Immunohistochemistry and immunocytochemistry

Cell blocks were made for protein analysis in U-RT1 cells. A volume of 10 mL of the cell suspension was centrifuged at 130 g for 5 min. The cell pellet was then resuspended in 5 mL of 100% ethanol and spun down again. The pellet was resuspended in 1 mL of 100% ethanol and one drop of hematoxylin and transferred into a 1.5 mL reaction tube (Eppendorff, Hamburg, Germany). The tube was placed upside down on a filter paper to remove residual ethanol. The pellet so obtained was fixed in buffered formalin for 4 h, then embedded in paraffin.

Immunohistochemistry and immunocytochemistry was performed on 2 µm tissue sections. Depending on the antibody used, different antigen retrieval procedures were required. Supplementary Table 1 gives a summary of the antibodies used, the antigen retrieval techniques, dilutions, and incubation times. The RED kit (DAKO, Glostrup, Denmark) was used to detect antigen-bound antibodies.

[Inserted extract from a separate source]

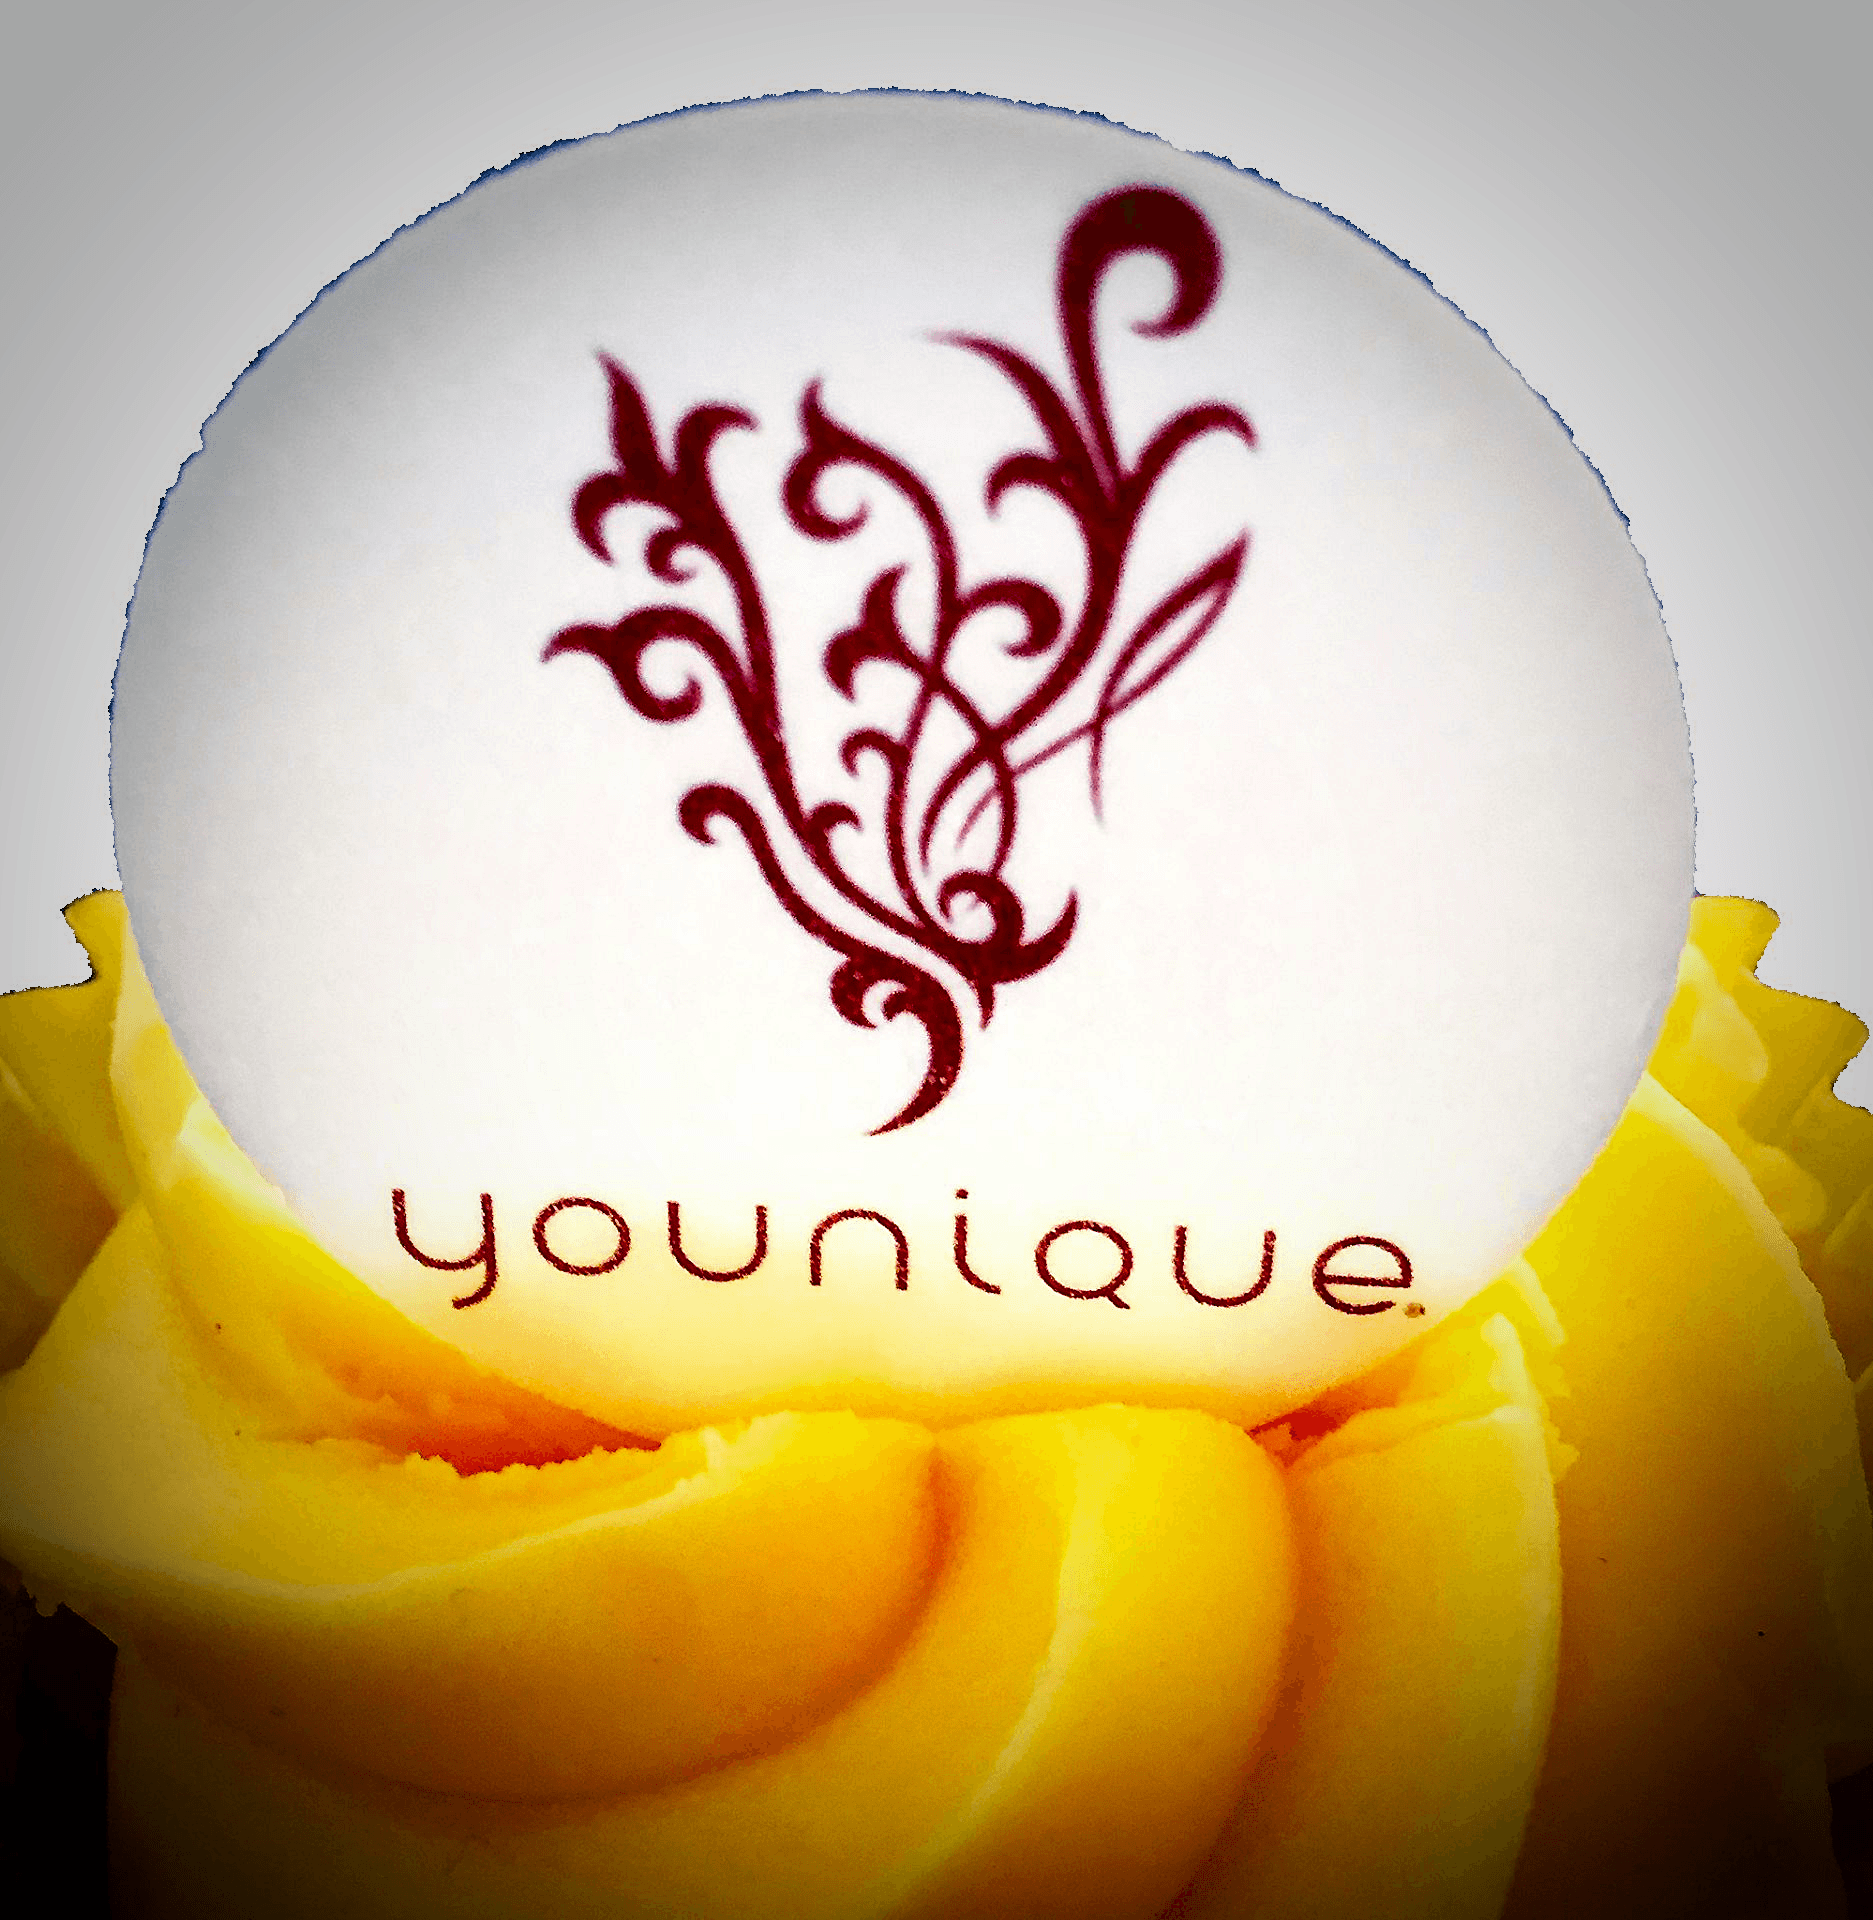 Younique Logo - Edible cake toppers decoration - Younique logo cake topper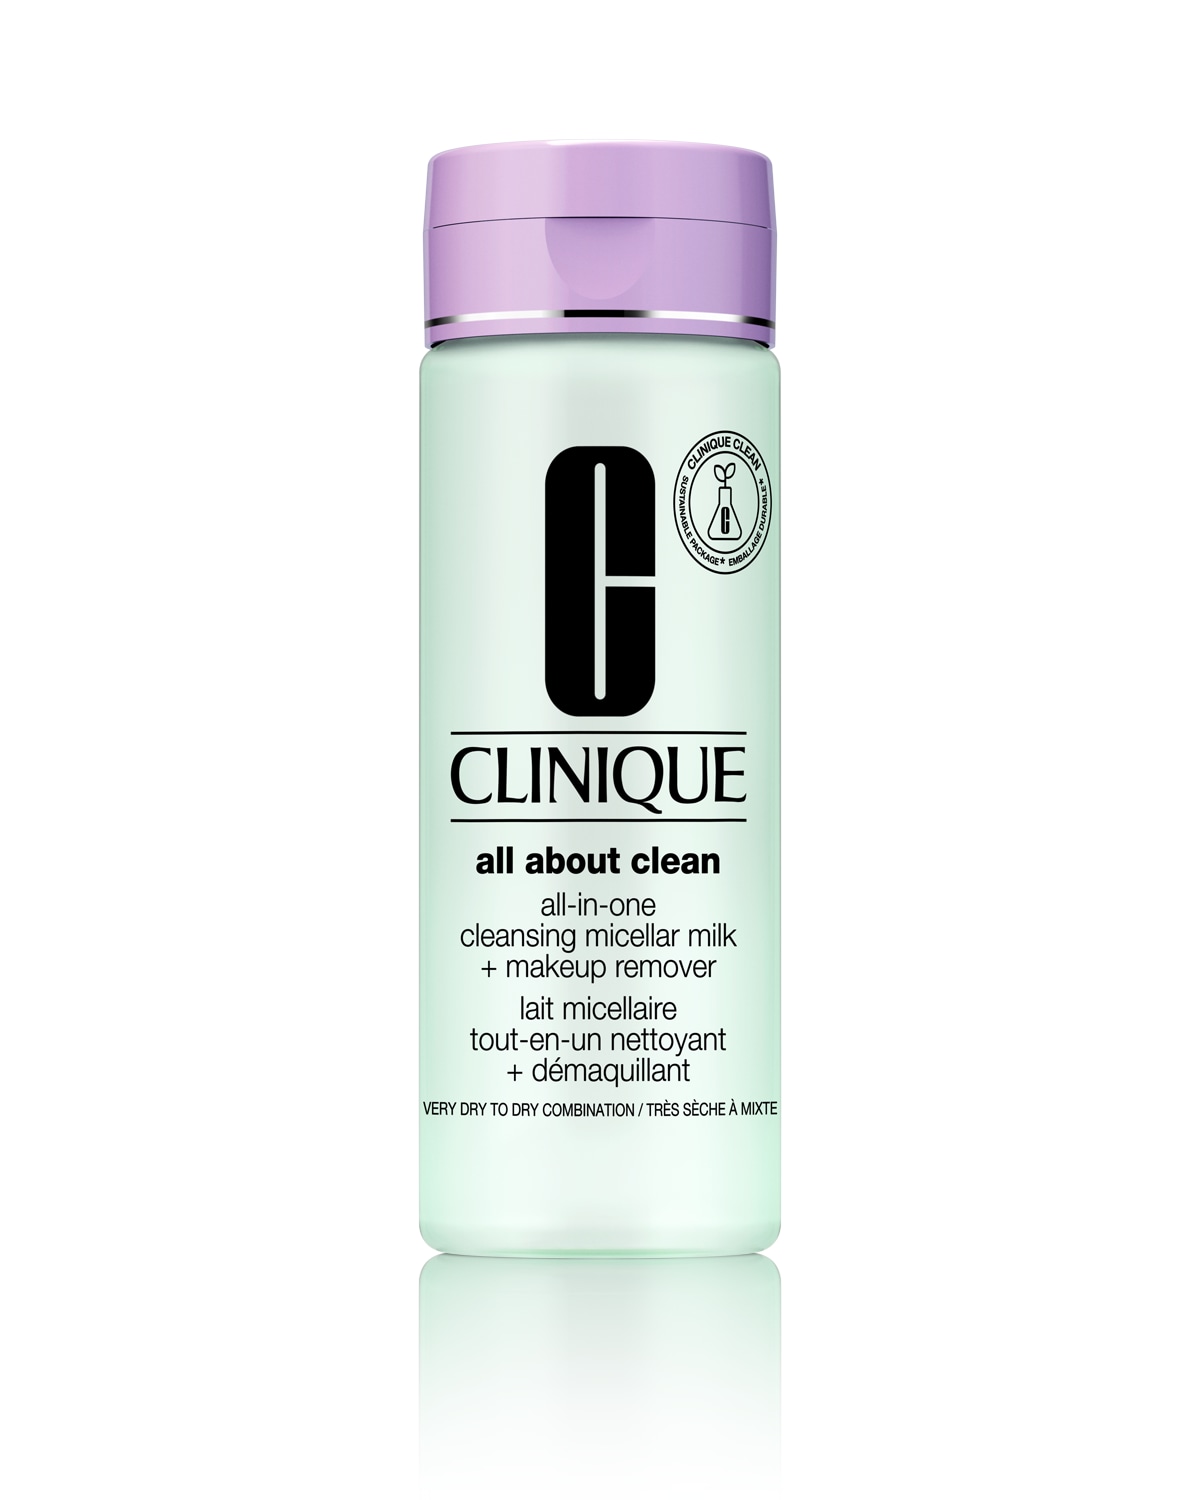 All-in-One Cleansing Micellar Milk + Makeup Remover<br> Micellás sminklemosó

Counterstaining of the cell nuclei was achieved by staining with hematoxylin for 5 min and incubating in H₂O for 10 min at 20°C.

EBV detection

EBV DNA was detected using a nested touchdown PCR approach. Annealing temperatures were subsequently reduced, starting at 68°C and going down to 58°C (final annealing temperature was used for 30 cycles). Primer sequences are given in Supplementary Table 2. Additionally, an EBV-encoded RNA chromogenic in situ hybridization (EBER CISH) was performed on sections of the pelleted cells to detect EBV-specific mRNA. The sections were rinsed in Xylol, ethanol (100%), ethanol (70%), and H₂O. A digestion step using pepsin (20 min, 37°C) was subsequently performed. After incubation in distilled water and ethanol (100%), the sections were air dried. The sections were then hybridized with EBER-specific probes (2 h, 56°C). They were then washed in CISH washing buffer and EBERs were detected using the ZytoFast Plus CISH Implementation Kit (ZytoVision, Bremerhaven, Germany) as described in the manufacturer's handbook.

Clonality testing (heavy chain rearrangement)

The rearrangement of the immunoglobulin heavy chain gene was determined by multiplex PCR using framework region 1, 2, and 3 (FR1, FR2, and FR3) specific primers, as described by van Dongen et al. [29]. In short, the FR1, FR2, and FR3 segments were amplified using a mixture of family-specific primers (primer sequences and PCR programs are given in Supplementary Table 2A and B). The amplicons were separated in a capillary sequencer (GenomeLabGeXP, Beckman Coulter, USA) to determine the exact length (GeneMarker V2.70; SoftGenetics, State College, PA, USA), resulting in a defined amplicon triplet representing a specific IGH rearrangement.

Sequencing (FR1 IGH)

To determine the sequence of the FR1 segment of the rearranged IGH gene, the FR1 segment was amplified using a multiplex PCR with a primer mix of all family primers (VH1-VH6 FR1; Supplementary Table 2A). The amplicons were separated on a 3% agarose gel, cut out and purified using the PeqGold Microspin Gel extraction kit (Peqlab Biotechnologie GmbH; Erlangen, Germany). The purified amplicon was used as a template in a second PCR round using single family-specific primer pairs. The resulting amplicons were gel separated, purified, and Sanger sequenced (Eurofins Genomics). Sequence comparison and phylogenetic trees were performed using the Clustal Omega Multi Sequence Alignment online software (http://www.ebi.ac.uk/Tools/msa/clustalo/; 25.11.2019).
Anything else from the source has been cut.